[Extracted records]
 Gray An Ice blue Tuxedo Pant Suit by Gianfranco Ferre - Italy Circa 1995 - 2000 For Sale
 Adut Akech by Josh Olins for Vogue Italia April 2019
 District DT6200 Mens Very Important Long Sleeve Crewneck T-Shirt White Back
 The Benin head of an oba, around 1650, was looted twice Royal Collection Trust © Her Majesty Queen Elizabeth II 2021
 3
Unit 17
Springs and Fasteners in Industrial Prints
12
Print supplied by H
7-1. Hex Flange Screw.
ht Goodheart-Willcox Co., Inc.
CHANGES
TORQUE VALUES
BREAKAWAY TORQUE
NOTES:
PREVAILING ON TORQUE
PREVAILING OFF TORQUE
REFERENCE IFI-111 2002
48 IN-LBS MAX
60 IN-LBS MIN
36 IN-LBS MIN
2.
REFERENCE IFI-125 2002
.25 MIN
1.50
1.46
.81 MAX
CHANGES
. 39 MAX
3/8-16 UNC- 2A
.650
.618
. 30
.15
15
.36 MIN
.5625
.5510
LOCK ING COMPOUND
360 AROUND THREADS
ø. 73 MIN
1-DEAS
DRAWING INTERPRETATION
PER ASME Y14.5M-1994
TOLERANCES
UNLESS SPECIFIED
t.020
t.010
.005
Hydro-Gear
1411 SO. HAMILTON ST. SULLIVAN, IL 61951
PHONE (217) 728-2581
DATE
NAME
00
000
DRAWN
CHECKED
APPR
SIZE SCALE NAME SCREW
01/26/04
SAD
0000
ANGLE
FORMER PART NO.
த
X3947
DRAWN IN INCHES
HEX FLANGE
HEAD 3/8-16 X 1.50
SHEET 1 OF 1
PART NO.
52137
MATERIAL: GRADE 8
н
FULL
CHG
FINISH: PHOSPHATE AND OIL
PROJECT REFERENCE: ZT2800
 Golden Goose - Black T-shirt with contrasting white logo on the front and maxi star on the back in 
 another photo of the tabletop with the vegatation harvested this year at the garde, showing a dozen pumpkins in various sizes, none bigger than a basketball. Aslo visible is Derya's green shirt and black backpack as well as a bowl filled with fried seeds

Aim of the task ▸ Nothing but the lines from the start of the data above through the line with "Golden Goose - Black" should appear in your answer, copied exactly.

Response below ▸
 Gray An Ice blue Tuxedo Pant Suit by Gianfranco Ferre - Italy Circa 1995 - 2000 For Sale
 Adut Akech by Josh Olins for Vogue Italia April 2019
 District DT6200 Mens Very Important Long Sleeve Crewneck T-Shirt White Back
 The Benin head of an oba, around 1650, was looted twice Royal Collection Trust © Her Majesty Queen Elizabeth II 2021
 3
Unit 17
Springs and Fasteners in Industrial Prints
12
Print supplied by H
7-1. Hex Flange Screw.
ht Goodheart-Willcox Co., Inc.
CHANGES
TORQUE VALUES
BREAKAWAY TORQUE
NOTES:
PREVAILING ON TORQUE
PREVAILING OFF TORQUE
REFERENCE IFI-111 2002
48 IN-LBS MAX
60 IN-LBS MIN
36 IN-LBS MIN
2.
REFERENCE IFI-125 2002
.25 MIN
1.50
1.46
.81 MAX
CHANGES
. 39 MAX
3/8-16 UNC- 2A
.650
.618
. 30
.15
15
.36 MIN
.5625
.5510
LOCK ING COMPOUND
360 AROUND THREADS
ø. 73 MIN
1-DEAS
DRAWING INTERPRETATION
PER ASME Y14.5M-1994
TOLERANCES
UNLESS SPECIFIED
t.020
t.010
.005
Hydro-Gear
1411 SO. HAMILTON ST. SULLIVAN, IL 61951
PHONE (217) 728-2581
DATE
NAME
00
000
DRAWN
CHECKED
APPR
SIZE SCALE NAME SCREW
01/26/04
SAD
0000
ANGLE
FORMER PART NO.
த
X3947
DRAWN IN INCHES
HEX FLANGE
HEAD 3/8-16 X 1.50
SHEET 1 OF 1
PART NO.
52137
MATERIAL: GRADE 8
н
FULL
CHG
FINISH: PHOSPHATE AND OIL
PROJECT REFERENCE: ZT2800
 Golden Goose - Black T-shirt with contrasting white logo on the front and maxi star on the back in 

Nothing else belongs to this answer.